Download or read book Cesium Removal Using Crystalline Silicotitanate Innovative Technology Summary Report written by and published by . This book was released on 1999 with total page 21 pages. Available in PDF, EPUB and Kindle. Book excerpt: Approximately 100 million gallons of radioactive waste is stored in underground storage tanks at the Hanford Site, Idaho National Engineering and Environmental Laboratory (INEEL), Oak Ridge Reservation, and Savannah River Site (SRS). Most of the radioactivity comes from 137Cs, which emits high-activity gamma radiation. The Cesium Removal System is a modular, transportable, ion-exchange system configured as a compact processing unit. Liquid tank waste flows through columns packed with solid material, called a sorbent, that selectively adsorbs cesium and allows the other materials to pass through. The sorbent is crystalline silicotitanate (CST), an engineered material with a high capacity for sorbing cesium from alkaline wastes. The Cesium Removal System was demonstrated at Oak Ridge using Melton Valley Storage Tank (MVST) waste for feed. Demonstration operations began in September 1996 and were completed during June 1997. Prior to the demonstration, a number of ion-exchange materials were evaluated at Oak Ridge with MVST waste. Also, three ion-exchange materials and three waste types were tested at Hanford. These bench-scale tests were conducted in a hot cell. Hanford's results showed that 300 times less sorbent was used by selecting Ionsiv IE-911 over organic ion-exchange resins for cesium removal. This paper gives a description of the technology and discusses its performance, applications, cost, regulatory and policy issues and lessons learned.
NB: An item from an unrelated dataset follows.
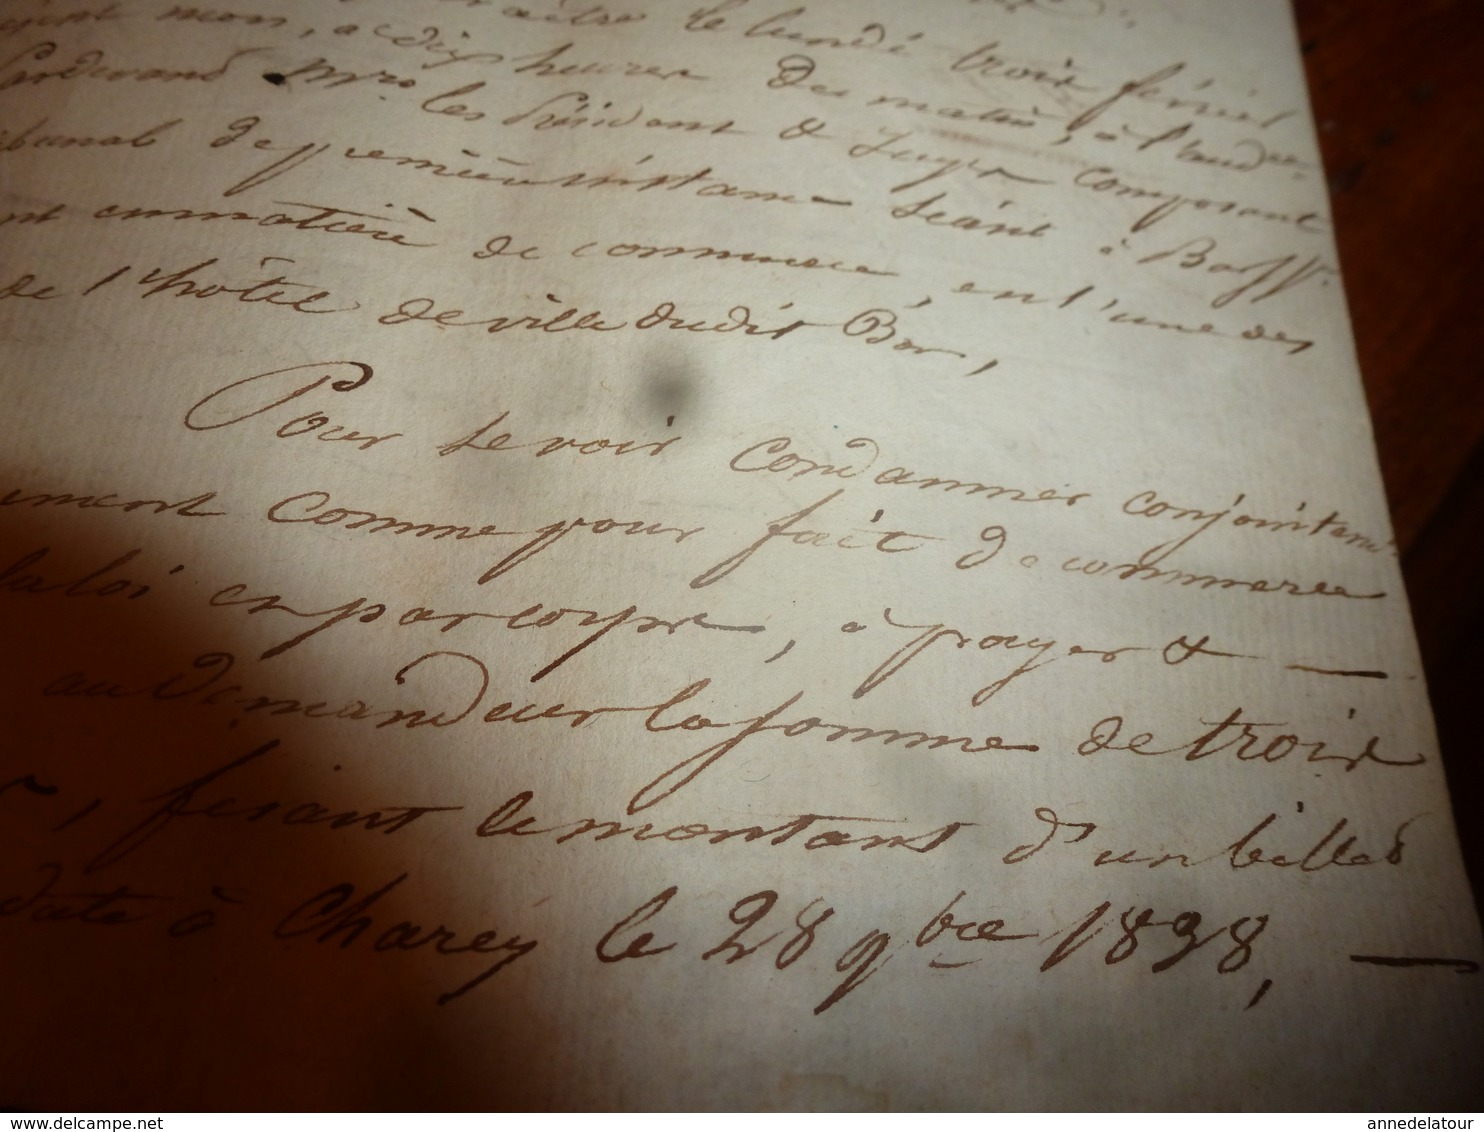 1840 Liasse de Manuscrits notariés avec cachets (sec ,mouillés) concerne Baillieux,Regnault à Mussy-su- Seine, etc

Download or read book Modeling of Crystalline Silicotitanate Ion Exchange Columns written by and published by . This book was released on 1999 with total page pages. Available in PDF, EPUB and Kindle. Book excerpt: Non-elutable ion exchange is being considered as a potential replacement for the In-Tank Precipitation process for removing cesium from Savannah River Site (SRS) radioactive waste. Crystalline silicotitanate (CST) particles are the reference ion exchange medium for the process. A major factor in the construction cost of this process is the size of the ion exchange column required to meet product specifications for decontaminated waste. To validate SRS column sizing calculations, SRS subcontracted two reknowned experts in this field to perform similar calculations: Professor R.G. Anthony, Department of Chemical Engineering, Texas A & 038;M University, and Professor S.W. Wang, Department of Chemical Engineering, Purdue University. The appendices of this document contain reports from the two subcontractors. Definition of the design problem came through several meetings and conference calls between the participants and SRS personnel over the past few months. This document summarizes the problem definition and results from the two reports.